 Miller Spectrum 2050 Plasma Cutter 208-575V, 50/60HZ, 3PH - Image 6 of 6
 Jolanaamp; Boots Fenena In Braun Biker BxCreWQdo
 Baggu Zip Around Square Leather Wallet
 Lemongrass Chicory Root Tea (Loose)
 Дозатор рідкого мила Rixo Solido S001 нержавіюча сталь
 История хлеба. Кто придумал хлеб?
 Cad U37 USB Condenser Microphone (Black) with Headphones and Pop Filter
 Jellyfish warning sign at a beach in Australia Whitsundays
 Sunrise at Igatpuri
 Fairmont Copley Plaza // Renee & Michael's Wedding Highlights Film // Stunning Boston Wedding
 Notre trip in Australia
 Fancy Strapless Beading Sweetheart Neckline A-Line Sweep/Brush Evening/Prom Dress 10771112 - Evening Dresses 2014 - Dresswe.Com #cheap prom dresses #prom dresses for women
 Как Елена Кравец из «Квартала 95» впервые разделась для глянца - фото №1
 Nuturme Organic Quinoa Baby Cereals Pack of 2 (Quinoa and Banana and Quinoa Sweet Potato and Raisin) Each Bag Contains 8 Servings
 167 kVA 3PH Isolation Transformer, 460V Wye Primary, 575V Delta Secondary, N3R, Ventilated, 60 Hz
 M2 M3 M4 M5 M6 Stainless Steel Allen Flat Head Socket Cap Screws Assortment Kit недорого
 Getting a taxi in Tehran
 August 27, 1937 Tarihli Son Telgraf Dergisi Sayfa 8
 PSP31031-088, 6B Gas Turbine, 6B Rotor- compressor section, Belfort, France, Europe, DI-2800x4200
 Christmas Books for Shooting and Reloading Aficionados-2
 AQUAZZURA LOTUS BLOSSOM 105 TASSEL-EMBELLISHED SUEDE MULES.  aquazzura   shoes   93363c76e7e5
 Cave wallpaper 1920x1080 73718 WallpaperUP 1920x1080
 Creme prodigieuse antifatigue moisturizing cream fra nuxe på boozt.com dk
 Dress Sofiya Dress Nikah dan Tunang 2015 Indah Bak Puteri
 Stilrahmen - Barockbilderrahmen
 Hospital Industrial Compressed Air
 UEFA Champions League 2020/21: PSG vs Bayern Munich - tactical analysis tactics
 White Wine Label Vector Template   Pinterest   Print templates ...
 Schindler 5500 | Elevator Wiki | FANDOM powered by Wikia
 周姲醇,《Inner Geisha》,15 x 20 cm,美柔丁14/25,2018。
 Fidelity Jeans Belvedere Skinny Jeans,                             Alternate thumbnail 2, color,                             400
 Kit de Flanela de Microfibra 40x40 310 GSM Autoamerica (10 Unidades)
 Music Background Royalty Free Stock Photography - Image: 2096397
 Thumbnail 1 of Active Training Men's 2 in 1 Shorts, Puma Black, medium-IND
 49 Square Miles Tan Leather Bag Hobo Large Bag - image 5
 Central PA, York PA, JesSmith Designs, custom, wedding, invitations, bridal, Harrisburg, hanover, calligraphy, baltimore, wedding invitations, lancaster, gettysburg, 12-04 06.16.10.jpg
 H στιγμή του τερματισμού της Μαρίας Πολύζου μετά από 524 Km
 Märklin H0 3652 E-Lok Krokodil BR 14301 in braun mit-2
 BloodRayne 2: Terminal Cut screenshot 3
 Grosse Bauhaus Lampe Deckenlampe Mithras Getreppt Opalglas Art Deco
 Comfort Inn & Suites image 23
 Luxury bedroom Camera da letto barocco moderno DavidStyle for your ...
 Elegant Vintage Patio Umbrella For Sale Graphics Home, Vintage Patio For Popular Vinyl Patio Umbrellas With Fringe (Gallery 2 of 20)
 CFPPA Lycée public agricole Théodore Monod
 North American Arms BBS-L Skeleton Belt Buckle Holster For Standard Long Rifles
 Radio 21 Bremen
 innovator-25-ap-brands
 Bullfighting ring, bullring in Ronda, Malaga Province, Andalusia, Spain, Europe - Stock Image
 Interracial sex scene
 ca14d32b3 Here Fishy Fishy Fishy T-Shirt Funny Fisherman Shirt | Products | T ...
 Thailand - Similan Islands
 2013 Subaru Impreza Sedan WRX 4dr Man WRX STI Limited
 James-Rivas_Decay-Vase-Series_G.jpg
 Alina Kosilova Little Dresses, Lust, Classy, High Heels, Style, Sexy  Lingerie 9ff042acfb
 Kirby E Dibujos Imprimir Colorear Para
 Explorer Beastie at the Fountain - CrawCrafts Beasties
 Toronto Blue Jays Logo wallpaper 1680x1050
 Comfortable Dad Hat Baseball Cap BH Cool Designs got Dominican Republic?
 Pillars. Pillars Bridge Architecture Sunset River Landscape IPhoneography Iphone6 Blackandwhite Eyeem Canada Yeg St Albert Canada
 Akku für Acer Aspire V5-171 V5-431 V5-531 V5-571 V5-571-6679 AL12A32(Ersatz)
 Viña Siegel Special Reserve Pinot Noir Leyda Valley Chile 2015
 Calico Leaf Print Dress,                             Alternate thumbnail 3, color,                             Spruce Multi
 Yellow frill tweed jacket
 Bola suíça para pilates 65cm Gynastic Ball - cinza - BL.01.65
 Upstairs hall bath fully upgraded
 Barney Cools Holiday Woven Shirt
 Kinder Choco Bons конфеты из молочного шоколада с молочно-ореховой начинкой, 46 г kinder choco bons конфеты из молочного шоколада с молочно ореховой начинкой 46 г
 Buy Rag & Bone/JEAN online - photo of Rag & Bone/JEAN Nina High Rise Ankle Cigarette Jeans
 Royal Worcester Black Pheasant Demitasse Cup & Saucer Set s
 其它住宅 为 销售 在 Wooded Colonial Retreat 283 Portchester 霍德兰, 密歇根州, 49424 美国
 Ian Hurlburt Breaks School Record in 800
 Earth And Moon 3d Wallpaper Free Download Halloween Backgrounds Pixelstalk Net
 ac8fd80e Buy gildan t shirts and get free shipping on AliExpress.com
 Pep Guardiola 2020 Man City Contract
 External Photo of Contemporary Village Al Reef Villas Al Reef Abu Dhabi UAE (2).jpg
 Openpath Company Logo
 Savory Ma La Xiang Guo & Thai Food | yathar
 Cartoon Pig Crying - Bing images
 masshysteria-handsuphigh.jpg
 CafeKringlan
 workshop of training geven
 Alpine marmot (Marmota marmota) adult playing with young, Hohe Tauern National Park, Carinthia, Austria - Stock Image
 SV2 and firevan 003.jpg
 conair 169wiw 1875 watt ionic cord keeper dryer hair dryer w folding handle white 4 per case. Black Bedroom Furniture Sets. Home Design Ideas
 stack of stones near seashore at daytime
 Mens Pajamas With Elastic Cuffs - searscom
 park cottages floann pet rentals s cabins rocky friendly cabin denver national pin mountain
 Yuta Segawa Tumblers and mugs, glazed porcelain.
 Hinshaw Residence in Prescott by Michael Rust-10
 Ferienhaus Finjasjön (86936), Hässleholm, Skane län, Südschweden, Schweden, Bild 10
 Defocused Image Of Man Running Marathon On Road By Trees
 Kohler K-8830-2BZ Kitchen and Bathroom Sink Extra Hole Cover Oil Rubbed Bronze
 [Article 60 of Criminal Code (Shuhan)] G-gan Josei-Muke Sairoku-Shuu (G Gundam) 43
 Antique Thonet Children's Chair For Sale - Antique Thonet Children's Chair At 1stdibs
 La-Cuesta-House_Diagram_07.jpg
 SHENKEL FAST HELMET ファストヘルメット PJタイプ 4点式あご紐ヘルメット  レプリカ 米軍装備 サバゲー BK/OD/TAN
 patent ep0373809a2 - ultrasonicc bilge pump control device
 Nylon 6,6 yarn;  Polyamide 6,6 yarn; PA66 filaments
***
■ Your task:
Filter the records for lines containing the word "Print" and copy each one.

■ Answer below:
 White Wine Label Vector Template   Pinterest   Print templates ...
 Calico Leaf Print Dress,                             Alternate thumbnail 3, color,                             Spruce Multi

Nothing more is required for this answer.